Le Paralimpiadi sono lo Tsunami culturale che ci serve
Tra qualche ora si apriranno ufficialmente le Paralimpiadi di Tokyo 2021, alla loro 16ima edizione. Quando ne parlo, mi piace spesso ricordarne la straordinaria storia.
L’idea nasce dalle intuizioni di Ludwig Guttmann, un neurologo inglese che si occupò dei reduci della Seconda Guerra Mondiale che avevano avuto lesioni alla colonna vertebrale e che per questo non potevano più camminare; decise di proporre loro lo sport come metodo di terapia, sia fisica che psicologica, e nel 1948 organizzò i Giochi di Stoke Mandeville, in contemporanea con le Olimpiadi di quell’anno, a cui parteciparono atleti in sedia a rotelle. Nell’edizione dei Giochi del 1952 parteciparono atleti con disabilità diverse ed anche di origine olandese; è così che negli anni nacque il movimento paralimpico e la competizione divenne un evento sportivo internazionale.

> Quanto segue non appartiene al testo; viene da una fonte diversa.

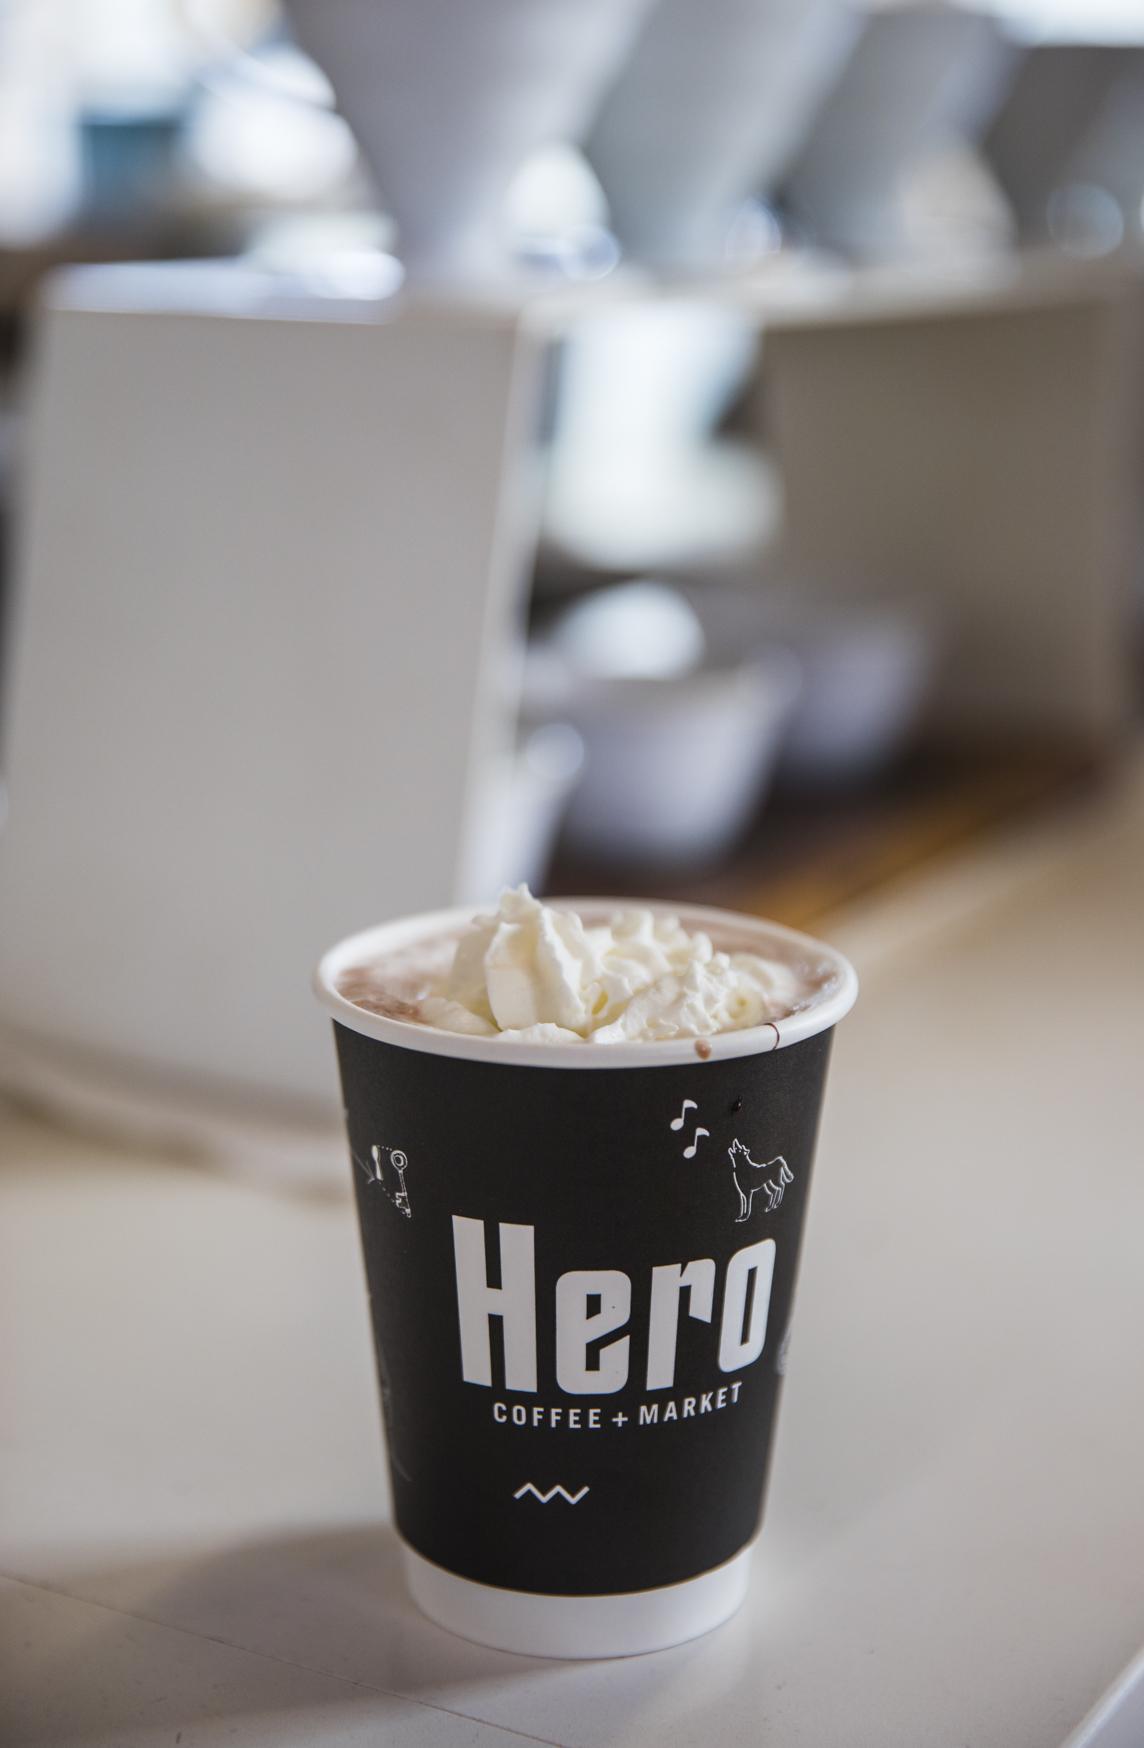 Hero hot chocolate with whipped cream

In Italia il movimento, nato al CPO di Ostia grazie all’impegno del medico Antonio Maglio, sta vedendo negli ultimi anni una crescita esponenziale che ci permette di partecipare a #tokyo2020 con una delle delegazioni più numerosa di sempre, formata da 115 fra atlete e atleti.
Le Paralimpiadi oggi possono rappresentare un vero e proprio tsunami culturale! Attraverso le loro prestazioni, infatti, le atlete e gli atleti ci fanno osservare le cose da un’altra prospettiva, facendoci percepire la disabilità non come sinonimo di mancanza di dinamismo o di debolezza, ma come una forza: la forza di voler superare i limiti e realizzare performance sportive di alto livello. Ed è proprio coltivando questa nuova prospettiva che si possono cambiare le cose, iniziando a pensare alle città, ai servizi e allo sport non più per categorie (disabili e normodotati) ma accessibili a tutti.
E allora in bocca al lupo alla nostra grande delegazione di azzurri!